Psychometric properties of the Chalder Fatigue Scale revisited: an exploratory structural equation modeling approach

Ted C T Fong 1, Jessie S M Chan 2, Cecilia L W Chan 2, Rainbow T H Ho 1,2, Eric T C Ziea 3, Vivian C W Wong 3, Bacon F L Ng 3, S M Ng 2,
PMCID: PMC4529874  PMID: 25688039

Abstract

Objective

Previous validation studies of the Chalder Fatigue Scale (CFS) suffer methodological shortcomings. The present study aimed to re-evaluate its psychometric properties using exploratory structural equation modeling (ESEM).

Methods

A Chinese sample of 1259 community-dwelling residents completed the 11-item Chinese CFS and a variety of health measures (anxiety, depression, exhaustion, sleep disturbance, and quality of life). In addition to traditional confirmatory factor analysis, ESEM was performed to assess the fit of two- and three-factor models using robust maximum likelihood estimation and oblique geomin rotation. Convergent validity of the CFS was examined via associations with five covariates (gender, age, exercise, perceived health, and life event) and the health measures in the ESEM model.

Results

The ESEM models displayed a superior fit to confirmatory factor models. The three-factor ESEM model showed a satisfactory model fit to the data but not for the two-factor model. The three factors were physical fatigue (three items, α = .800), low energy (four items, α = .821), and mental fatigue (four items, α = .861). The factors exhibited convergent validity with the model covariates and health measures.

Conclusion

The results demonstrate the satisfactory reliability and convergent validity for the three-factor structure of the CFS as a valid measure of fatigue symptoms in the general population. Future psychometric studies could adopt the ESEM approach as a practical alternative to traditional confirmatory factor analysis.
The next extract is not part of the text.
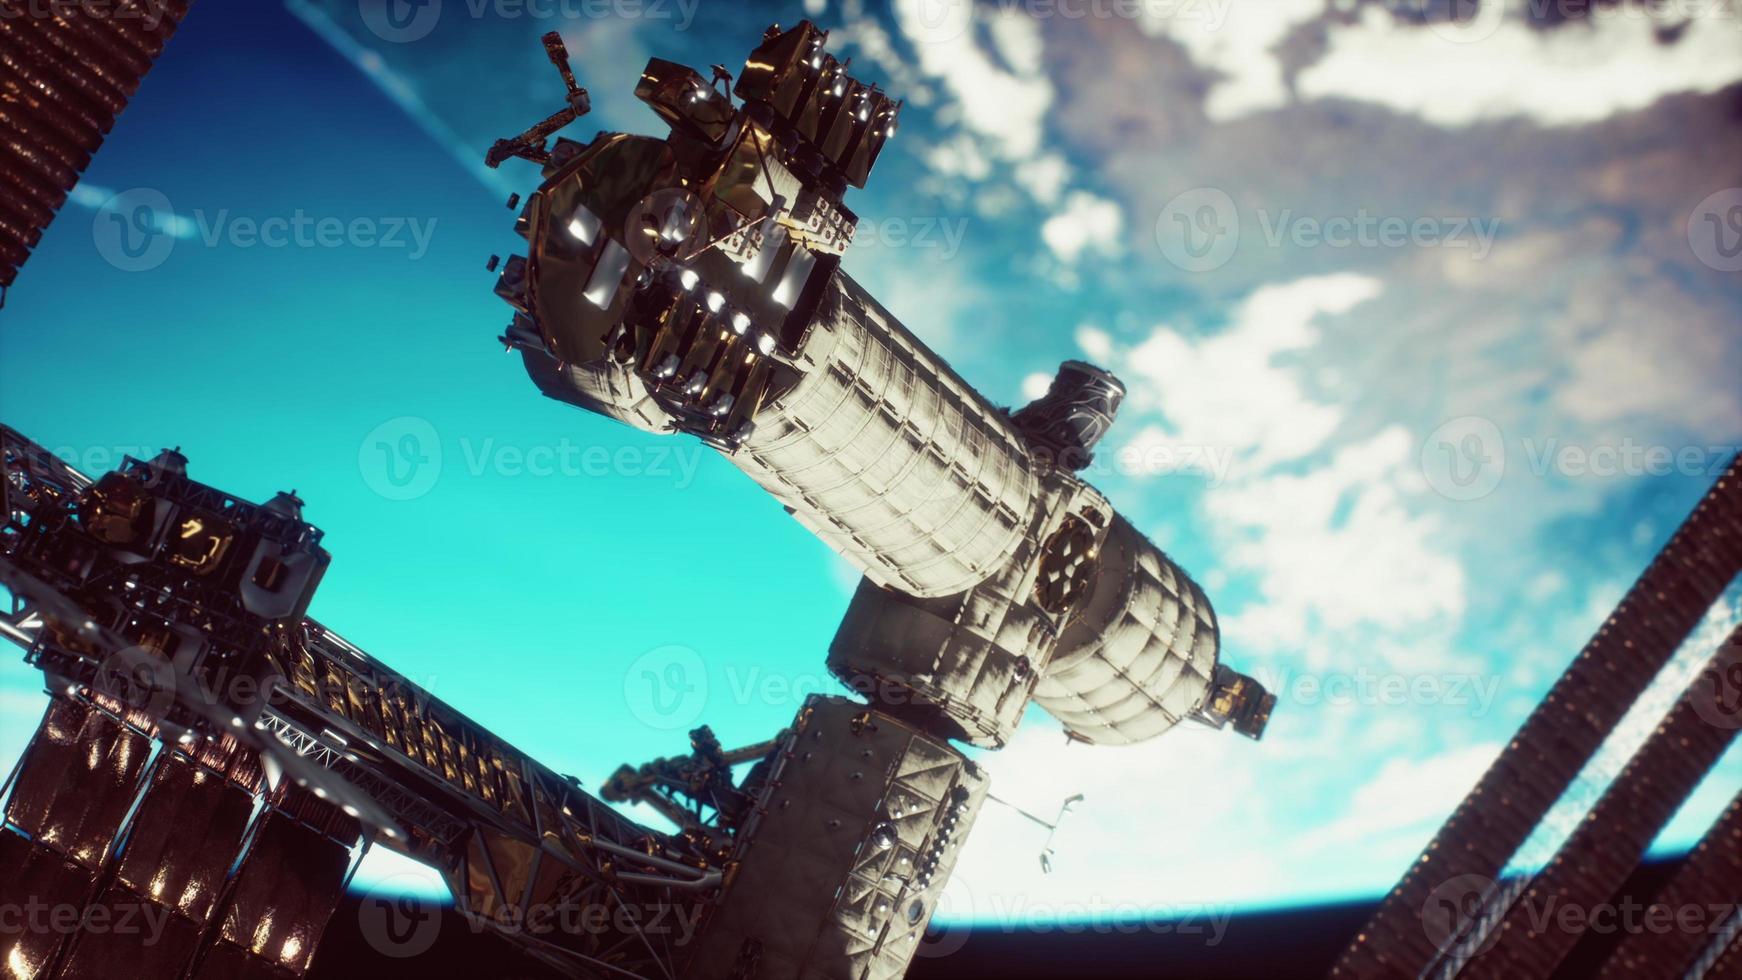 internationaal ruimtestation over de planeet elementen geleverd door nasa foto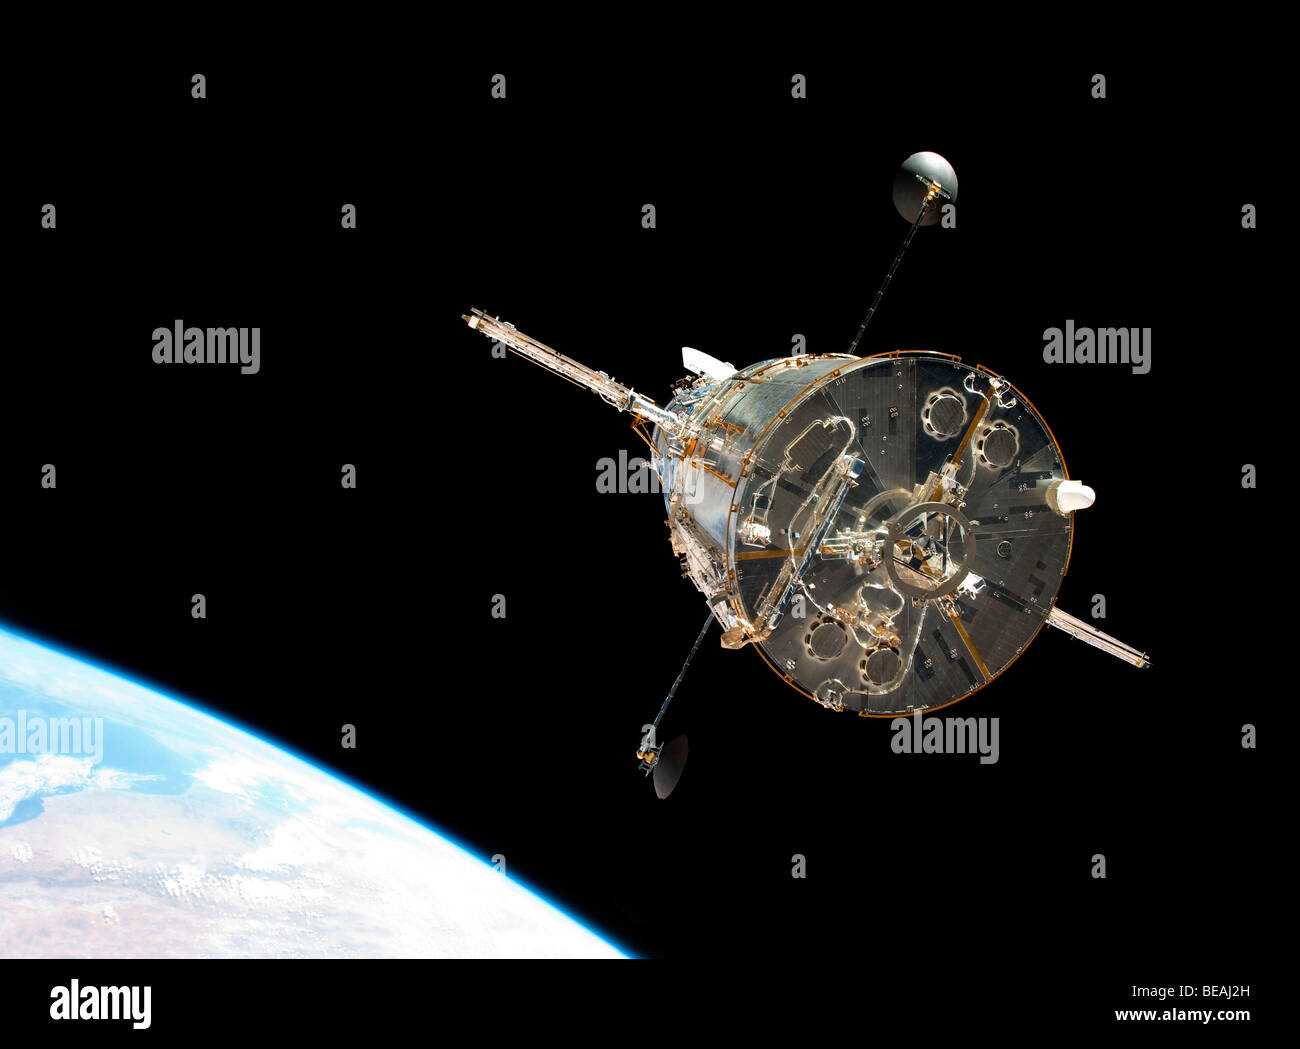 Telescopio Spaziale Hubble nel 2009 dopo essere stato ristrutturato. Ottimizzato e la versione avanzata di un originale immagine della NASA. Credit NASA Foto Stock

Keywords: Chinese, Chronic fatigue, Convergent validity, Cross-loadings, Factor structure

Introduction

Chronic fatigue is a symptom commonly reported by patients in primary care practice and by the general population, with prevalence of 11.3 % among British primary care patients [1] and of 10.7 % among the general population of Hong Kong [2]. Patients with relapsing and unexplained fatigue that persists for at least 6 months are said to suffer from chronic fatigue syndrome. This debilitating syndrome is associated with significant disability in the functioning capacity of the cognitive and psychosocial domains [3]. The 11-item Chalder Fatigue Scale (CFS) [4, 5] was developed as an assessment tool for fatigue in both general and clinical populations [6, 7]. The scale has shown adequate degrees of reliability and convergent validity [5, 8, 9].

Regarding the factor structure of the CFS, a two-factor structure was originally proposed [4]. Despite some empirical support for the two-factor structure [8, 10], previous validation studies of the CFS suffer methodological shortcomings. First, most of these studies adopted the outdated principal component analysis and varimax rotation approaches. Principal component analysis does not distinguish shared variance from unique variance [11] and is a biased estimator in factor analysis [12]. The unrealistic orthogonal factors resulting from varimax rotation likely lead to distorted factor structures [12]. The Kaiser’s criterion of retaining factors with eigenvalues that exceed one is known to be unreliable and biased. The frequent use of these outdated approaches diminishes the credibility of these results on the factor structure of the CFS.

Second, Wong and Fielding [13] applied confirmatory factor analysis (CFA) to evaluate the factor structure of the CFS in a Chinese sample. They compared the fit of a two-factor correlated model with a two-factor model with a second-order factor (see their Fig. 1, p. 91). Although they claimed to successfully replicate the original two-factor structure by showing a superior model fit for the latter model, the second-order factor model with only two first-order factors was actually statistically unidentified and addition of a second-order factor should not result in a decrease in model Chi-square. It remains open to question whether their findings replicated the original two-factor model or provided evidence in support of a three-factor model.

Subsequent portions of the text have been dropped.